== DATA EXCERPT ==

• • • • •

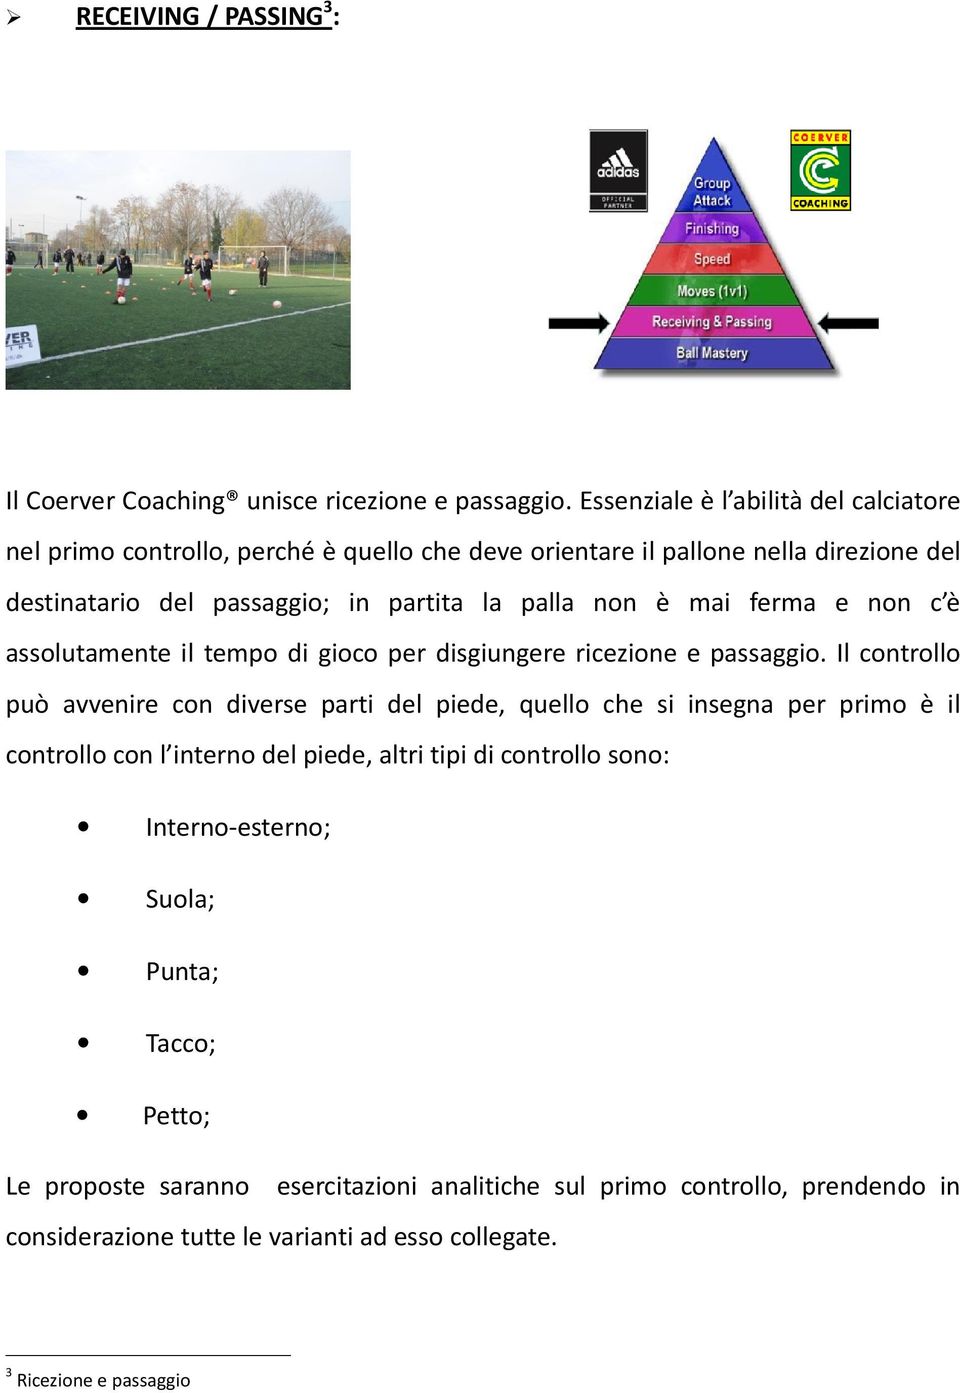 Che Cosa E Il Coerver Coaching Pdf Download Gratuito
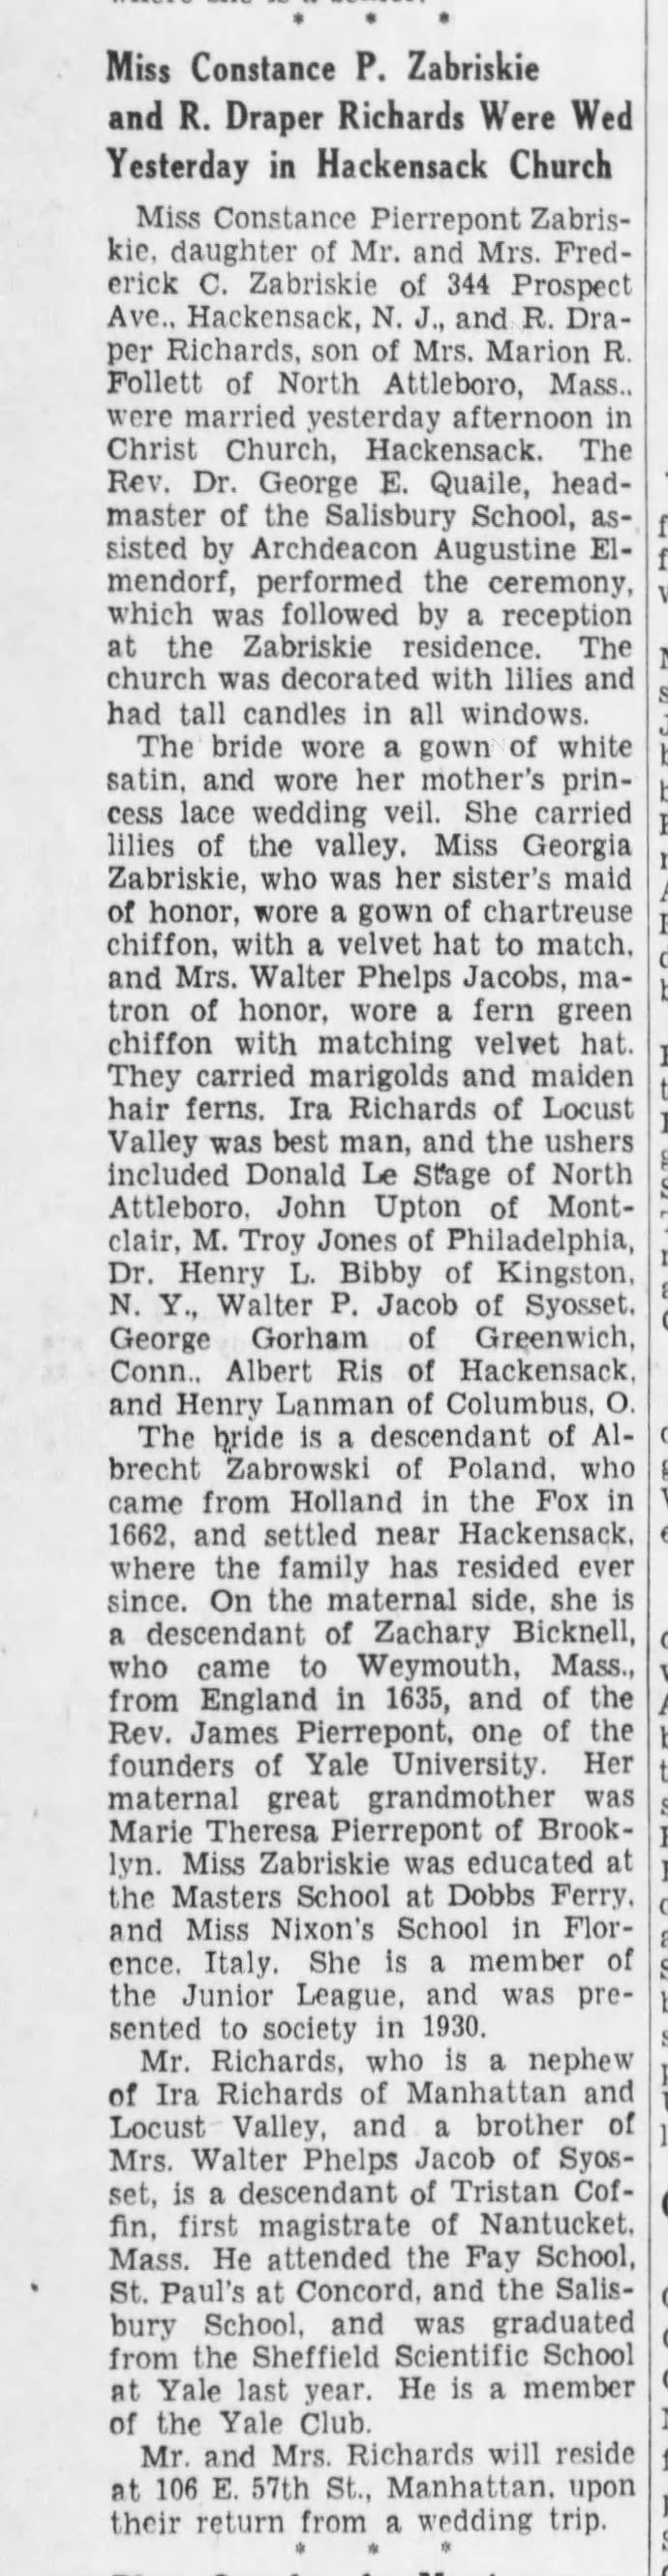 Constance P. Zabriskie-marriage annc. Daughter of Fredrick C. Zabriskie 1933
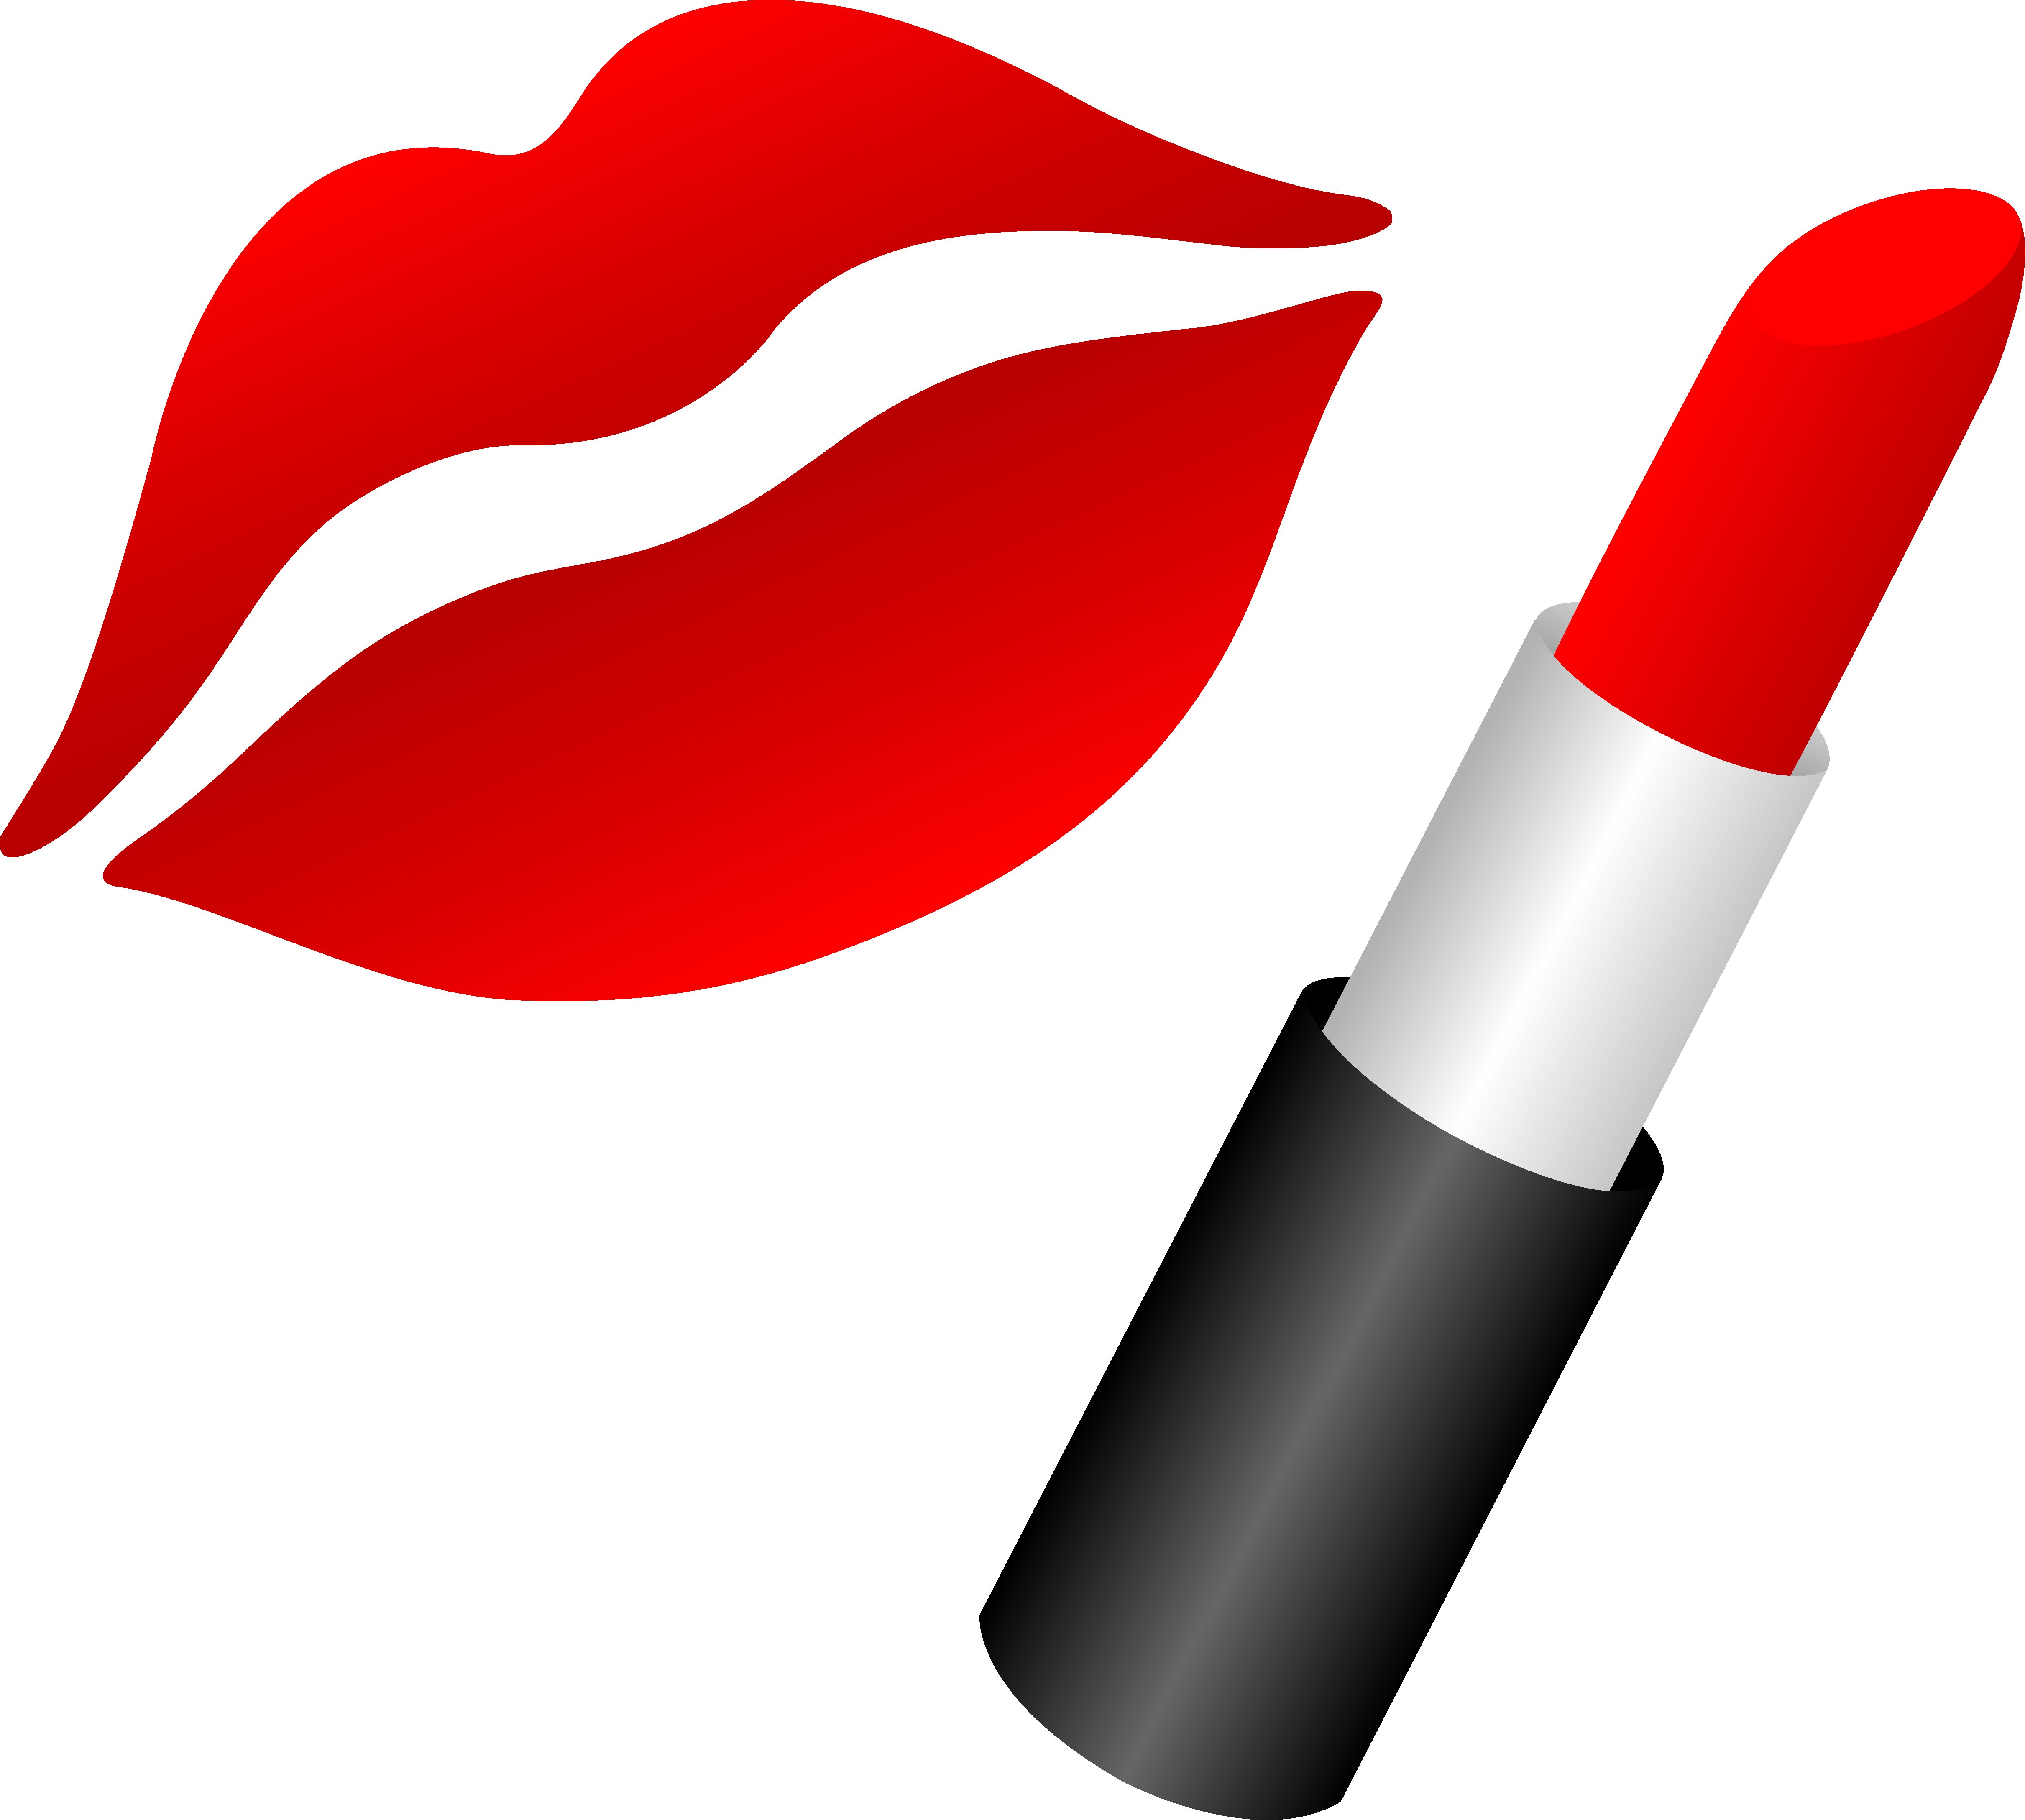 Lipstick and Lips Clip Art

• • • • •

== WORK ORDER ==
Output the listing above exactly, but leave its pictures behind.

== SOLUTION TO THE PROBLEM ==
 Che Cosa E Il Coerver Coaching Pdf Download Gratuito
 Constance P. Zabriskie-marriage annc. Daughter of Fredrick C. Zabriskie 1933
 Lipstick and Lips Clip Art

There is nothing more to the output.